Lightpack is a cross platform ambient lighting program I came across while researching writing an almost identical program.
Main site with most upto date code (Russian)
http://code.google.com/p/lightpack/English translated version but older code
http://code.google.com/p/light-pack/While looking through the source code noticed that the author recently added Adalight support, so I made a local clone, compiled and tested. It does indeed work right out the box.
Why do we care?
It compiles cross platform using QT for the Gui.
It is written in C++ and compiles to a binary, from my tests it runs significantly faster than the Adalight processing code, but not yet quite as fast as Boblight (it is on the todo list).
Support for DX9 games under windows (DX9+ and OpenGL on todo list)
It comes with an API which supports other languages, Python, .Net possibly Java and Processing (Also includes examples).
Support for multiple profiles and quick switching between them.
It has a nice shiny icon and gui.
Modular code, so should be easy to extend.
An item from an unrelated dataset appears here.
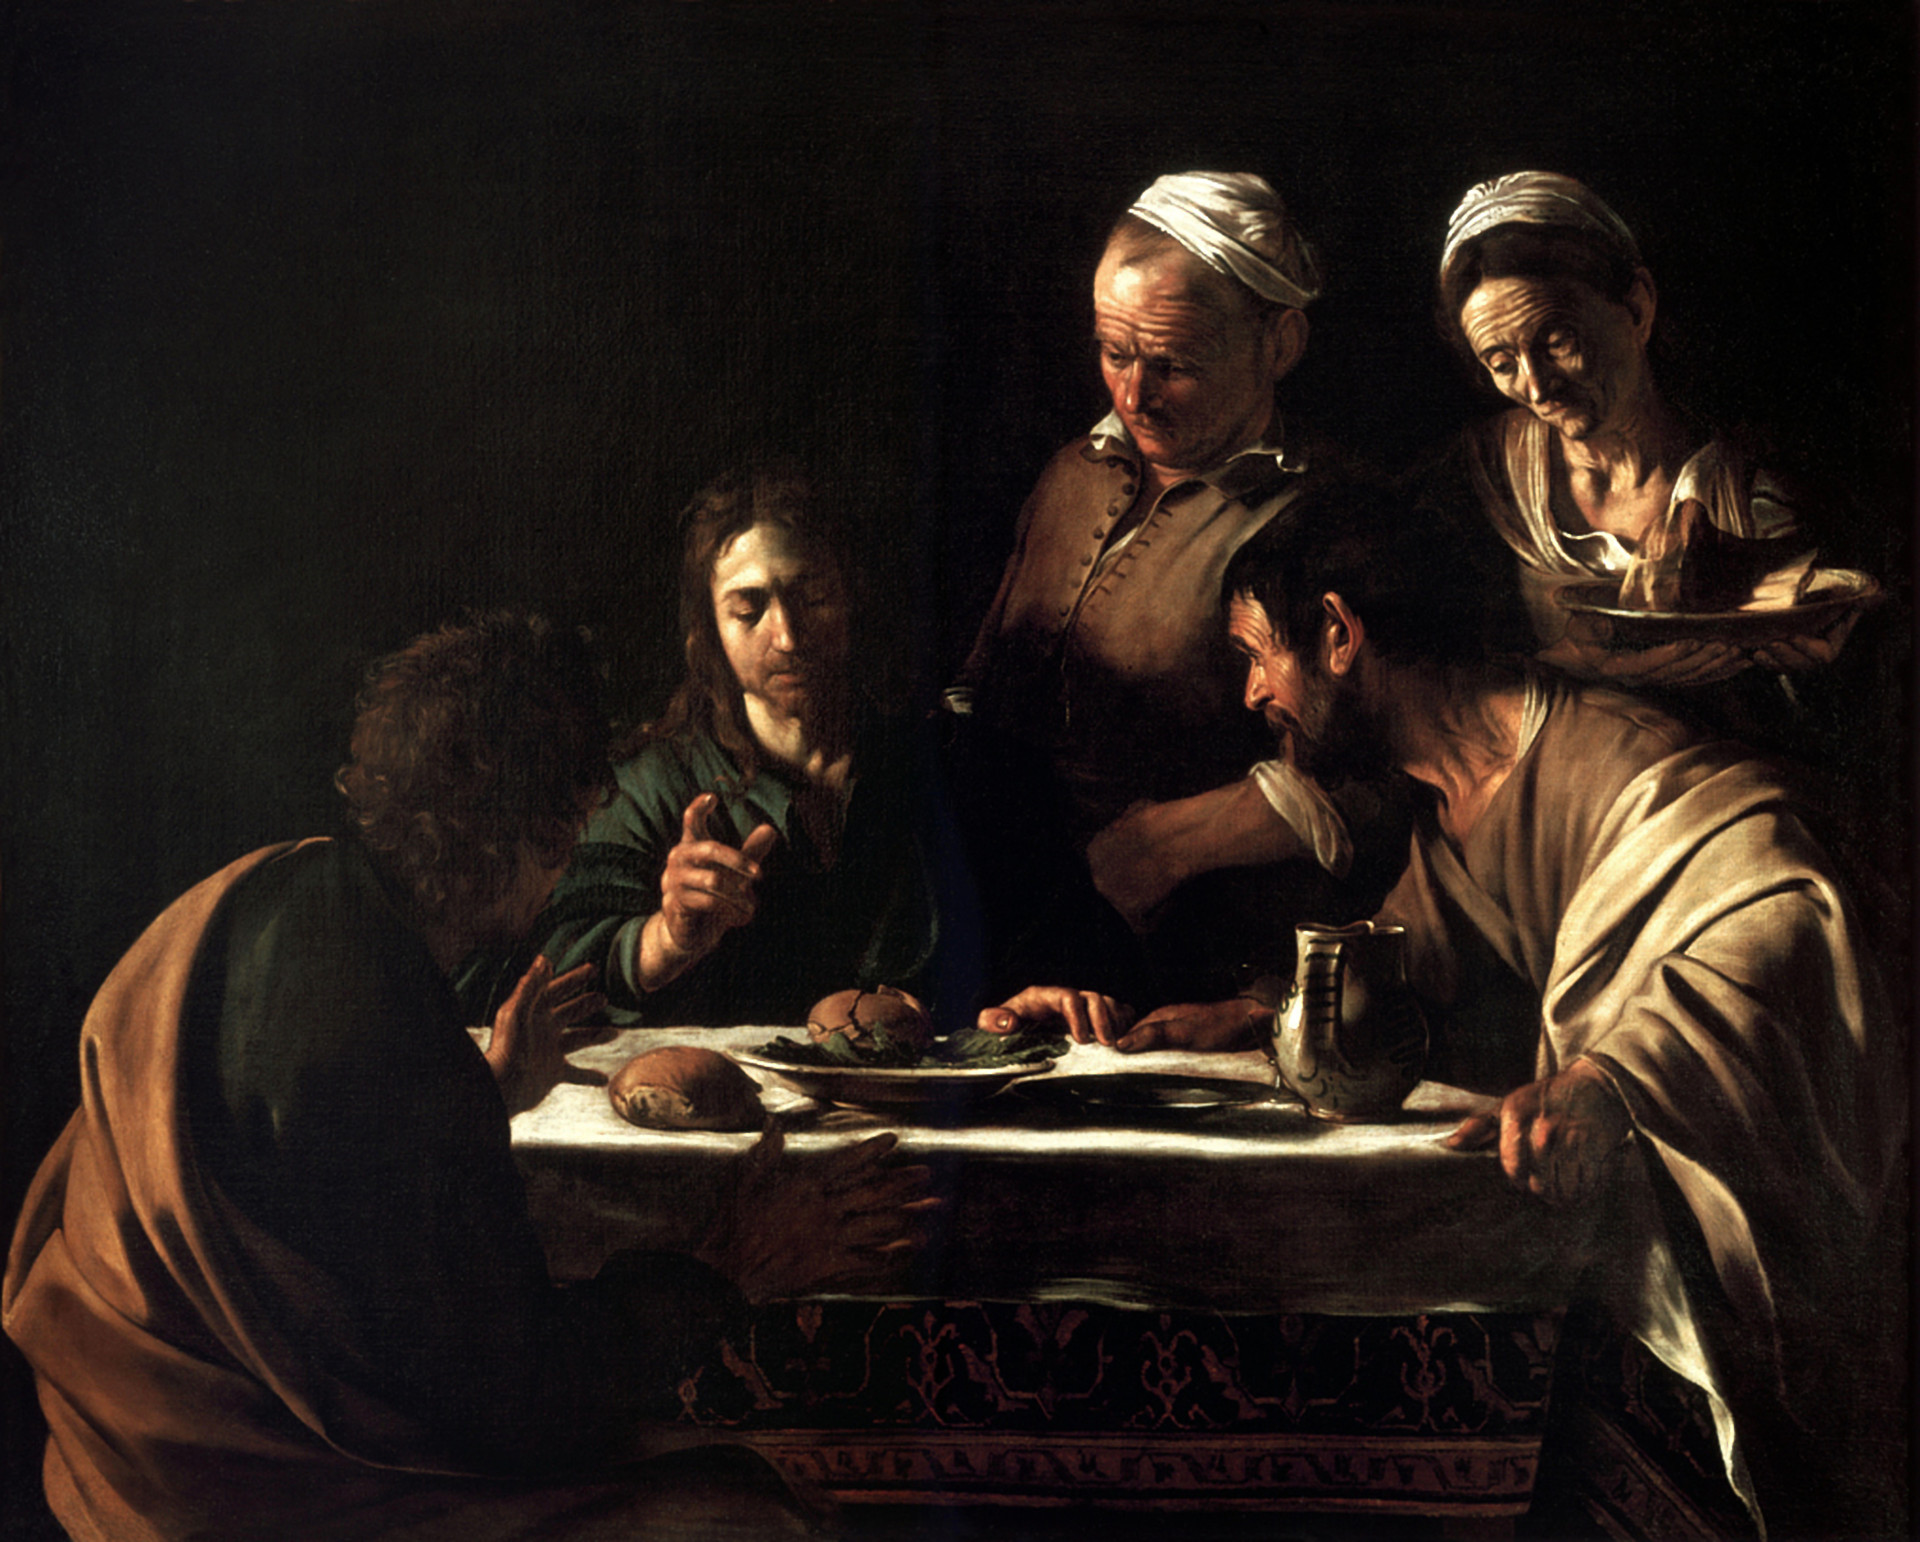 <p>Painted in 1601 by Caravaggio, this artwork depicts Jesus revealing himself following his resurrection. Filled with religious symbolism, it features grapes symbolizing Christ's blood and a pomegranate representing his resurrection.</p>

At this time the released binaries do not contain the Adalight code, so if you want to play, head over to the Russian page, make a local clone of the repository (use commandline Mercurial or TortoiseHg on Windows and avoid making a Cloned Google Code project until you intend to contribute back code.)
The code, comments, readmes, compilation and installation instructions are all in English and fairly straight forward. The program its self defaults to the OS language. A debug build is slightly slower than a release build, but significantly larger due to the debug QT libs, so unless you are profiling for performance improvements you probably want to make a release build, which is easiest done from inside the QT Creator.
Remember this is not released code, so you will probably find some bugs, for example my current build sometimes crashes when I change profile.
If you are unable to compile a working binary, don't worry, I'm sure there will be a released build soon.
Since this is so close to the software I was intending to write, I will instead be trying to contribute back as many useful features as possible, however it does look like most of my ideas are already a work in progress on at least one of the branches.